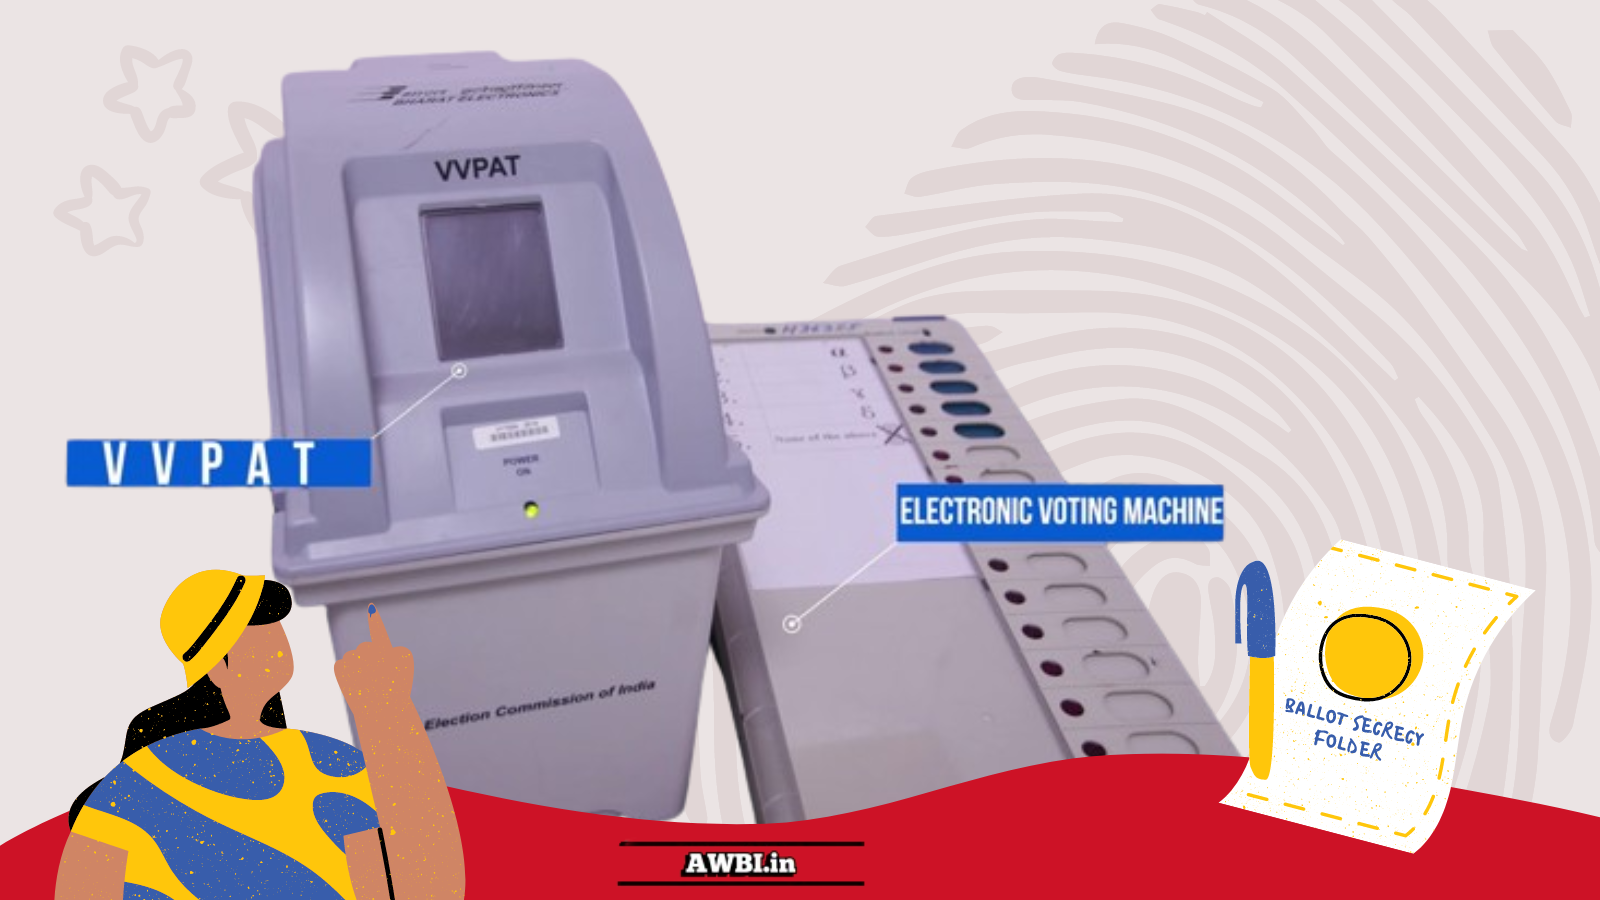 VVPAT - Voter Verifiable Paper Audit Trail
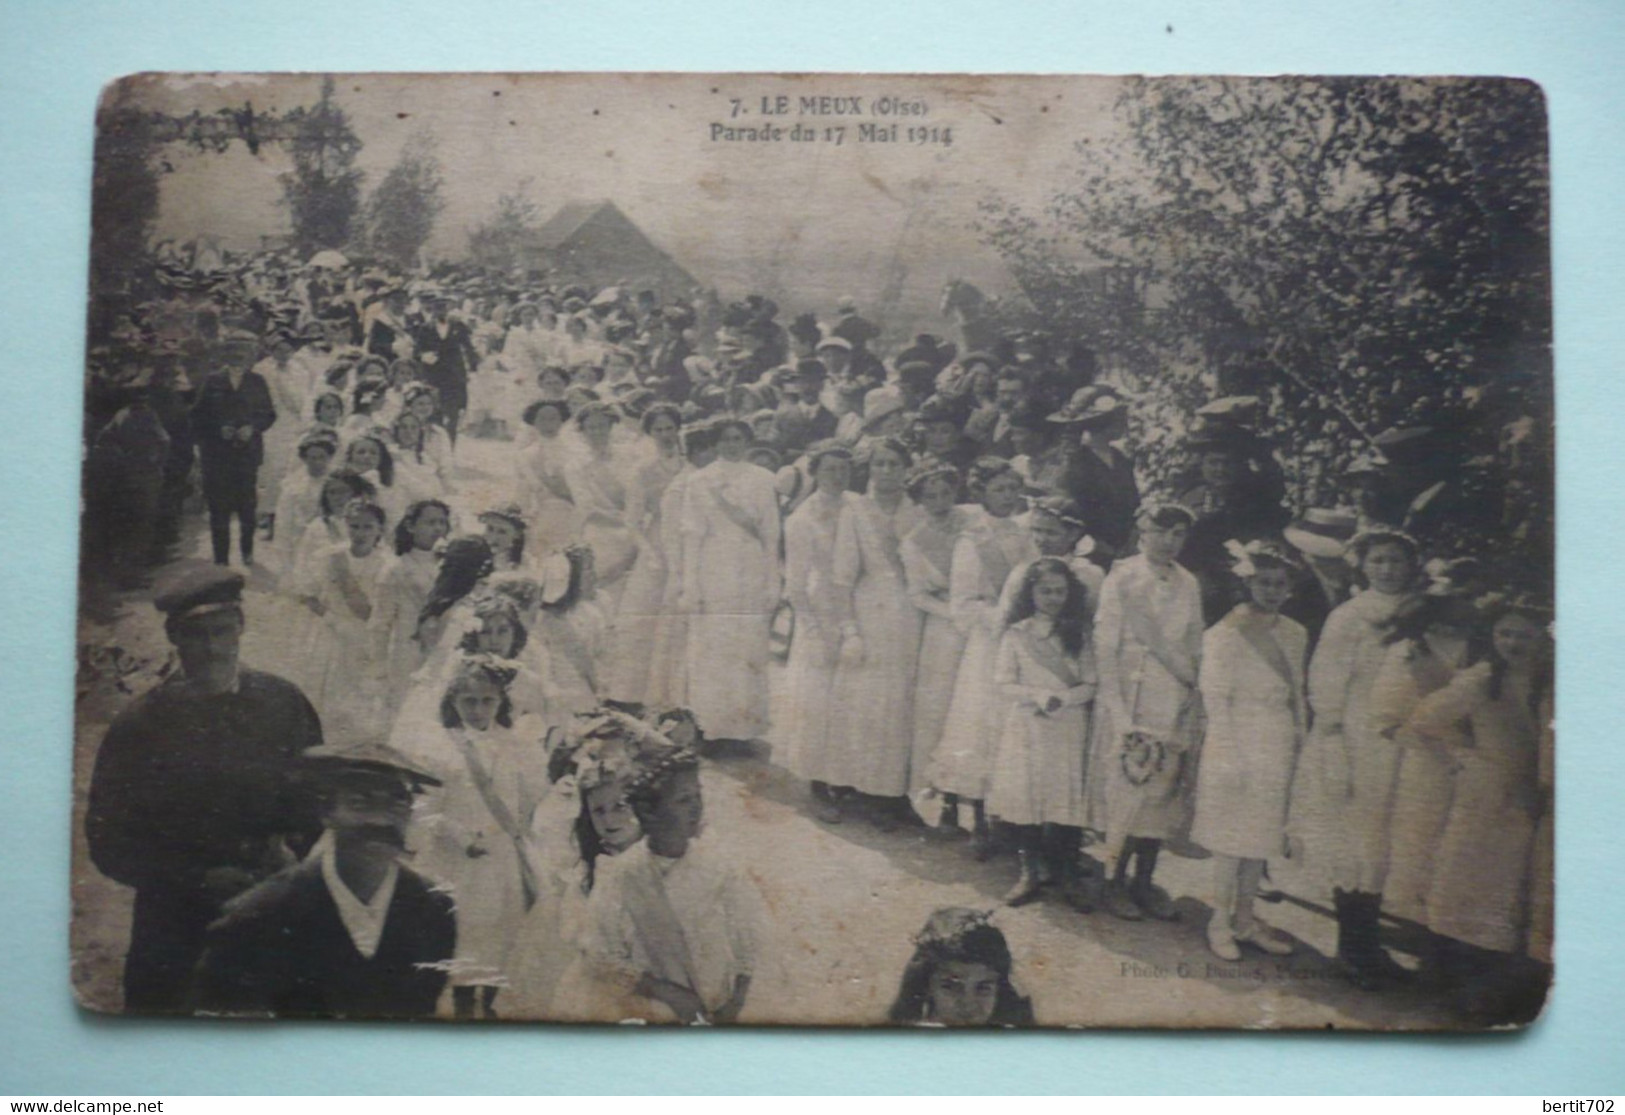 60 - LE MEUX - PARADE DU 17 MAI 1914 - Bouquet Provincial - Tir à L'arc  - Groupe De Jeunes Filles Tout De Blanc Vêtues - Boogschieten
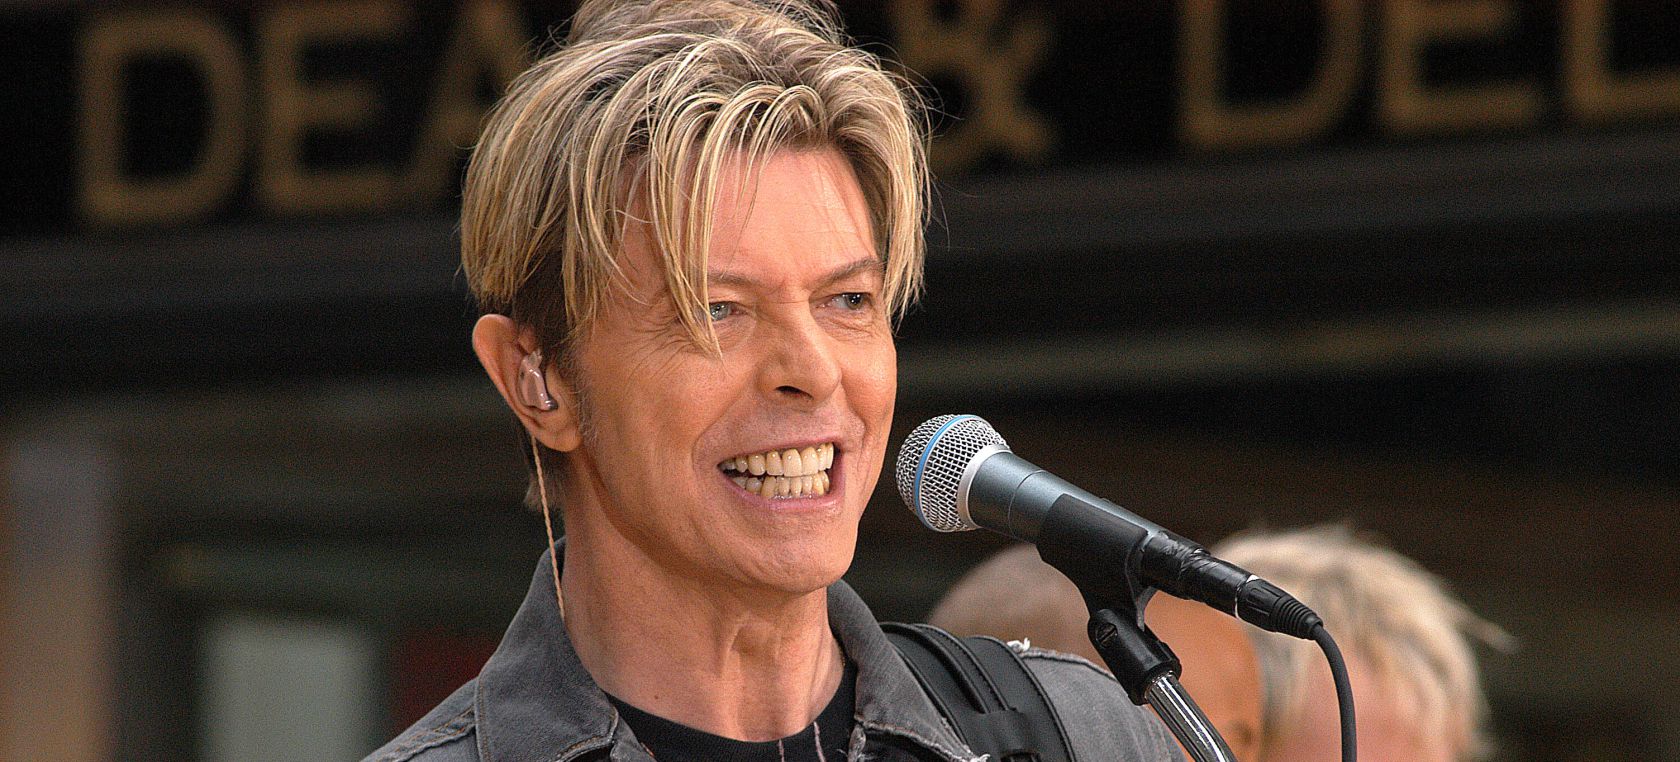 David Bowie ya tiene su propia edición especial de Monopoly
━━━━━━━━
Instructions to follow - Output the material word for word, and keep the pictures out.

Expected answer -
 VVPAT - Voter Verifiable Paper Audit Trail
 60 - LE MEUX - PARADE DU 17 MAI 1914 - Bouquet Provincial - Tir à L'arc  - Groupe De Jeunes Filles Tout De Blanc Vêtues - Boogschieten
 David Bowie ya tiene su propia edición especial de Monopoly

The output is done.